1. A GC-MS method for simultaneously determining phosphorus flame retardants and bromine flame retardants in PVC is characterized by comprising the following steps:

step (1): preparing a mixed solvent from toluene and acetone according to a volume ratio of 2:1, accurately transferring a proper amount of 8 OPEs standard substances, 1-10 polybrominated biphenyls and 1-10 polybrominated diphenyl ethers respectively, adding the mixed solvent to a brown volumetric flask for dissolving, transferring the mixed solvent to a scale mark, obtaining a stock solution with a concentration of 10 mu g/mL, and diluting the stock solution into a standard working solution with a concentration range of 0.25-5.0mg/L step by using the mixed solvent when in use;

step (2): crushing a sample into small pieces, adding 0.1 +/-0.0001 g of sample into a microwave extraction sleeve, adding 30mL of the mixed solvent, mixing, and placing into a microwave extractor for microwave extraction;

and (3): placing the mixed sample in a microwave extraction instrument, heating to 110-120 ℃, keeping for 12-15 min, transferring the extraction liquid to a 50mL volumetric flask after extraction is finished, washing sample residues and a sleeve pipe by using the mixed solvent, collecting all washing liquid in the volumetric flask, and performing constant volume;

and (4): filtering an appropriate amount of extract liquid with constant volume to obtain a sample solution for GC-MS analysis;

and (5): obtaining a linear regression equation and a standard curve of the organic phosphate flame retardant by using the detection data of the standard working solution, and obtaining the contents of the phosphorus flame retardant and the brominated flame retardant in the sample by using the detection data of the sample solution through the linear regression equation or the standard curve;

the 8 OPEs standard substances are tris (3-chloropropyl) phosphate, tris (1, 3-dichloro-2-propyl) phosphate, tris (2-chloroethyl) phosphate, tris (o-tolyl) phosphate, triphenyl phosphate, tributyl phosphate, tris (2-butoxyethyl) phosphate and tris- (1-aziridinyl) phosphine oxide standard substances;

in the step (4), the GC-MS analysis is carried out by the following chromatographic conditions and mass spectrum conditions:

chromatographic conditions are as follows: DB-5HT chromatographic column of 15 m × 0.25 mm × 0.10 μm is adopted, the sample inlet temperature is 300 ℃, the sample injection amount is 1 μ L, and split-flow sample injection is not carried out; the initial column temperature is 110 ℃, the temperature is kept for 2min, the temperature is increased to 200 ℃ at the speed of 40 ℃/min, then the temperature is increased to 260 ℃ at the speed of 10 ℃/min, and finally the temperature is increased to 340 ℃ at the speed of 20 ℃/min and the temperature is kept for 2 min; the carrier gas is helium, and the flow rate is 1 mL/min;

2. The method for simultaneously determining the phosphorus-based and bromine-based flame retardants in PVC according to claim 1, wherein in the step (3), the microwave extractor is arranged to raise the temperature of the mixed sample to 110-120 ℃ within 10 min and maintain the temperature for 12-15 min.

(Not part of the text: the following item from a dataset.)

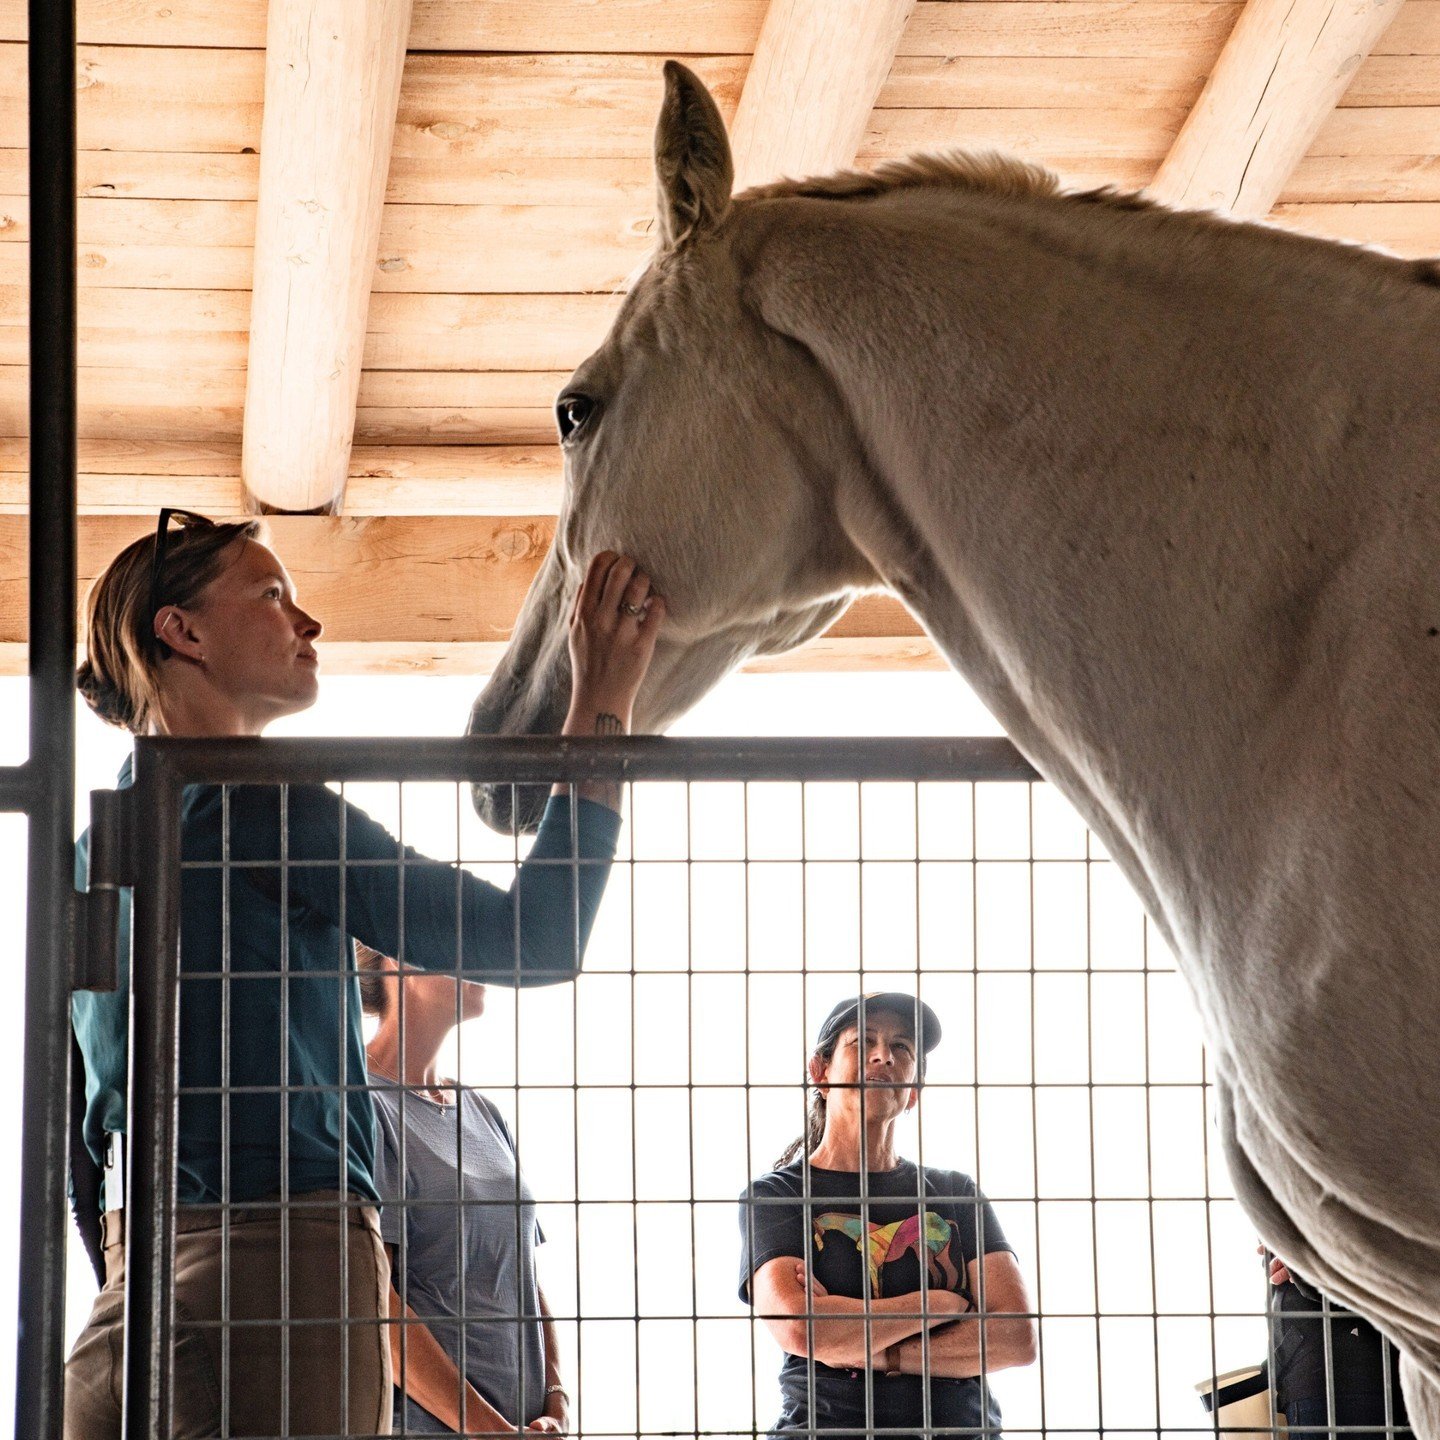 Building a bond with your equine partner is one of the key foundations for any equestrian, no matter what your goal is, ridden or non-ridden. 

We'd love to hear from you in the comments, what have you found to be the most effective methods to build

3. The method for simultaneously measuring phosphorus-based and bromine-based flame retardants in PVC by GC-MS as claimed in claim 1, wherein in the step (3), the extract after extraction is concentrated.

4. The method for simultaneously measuring phosphorus-based and bromine-based flame retardants in PVC by GC-MS as claimed in claim 3, wherein the concentration treatment is any one of rotary evaporation or nitrogen purge.

5. The method for simultaneously determining the phosphorus flame retardant and the bromine flame retardant in the PVC by GC-MS as claimed in claim 1, wherein in the step (4), the filtration is performed by using a filter membrane with the diameter of 0.2-0.45 μm.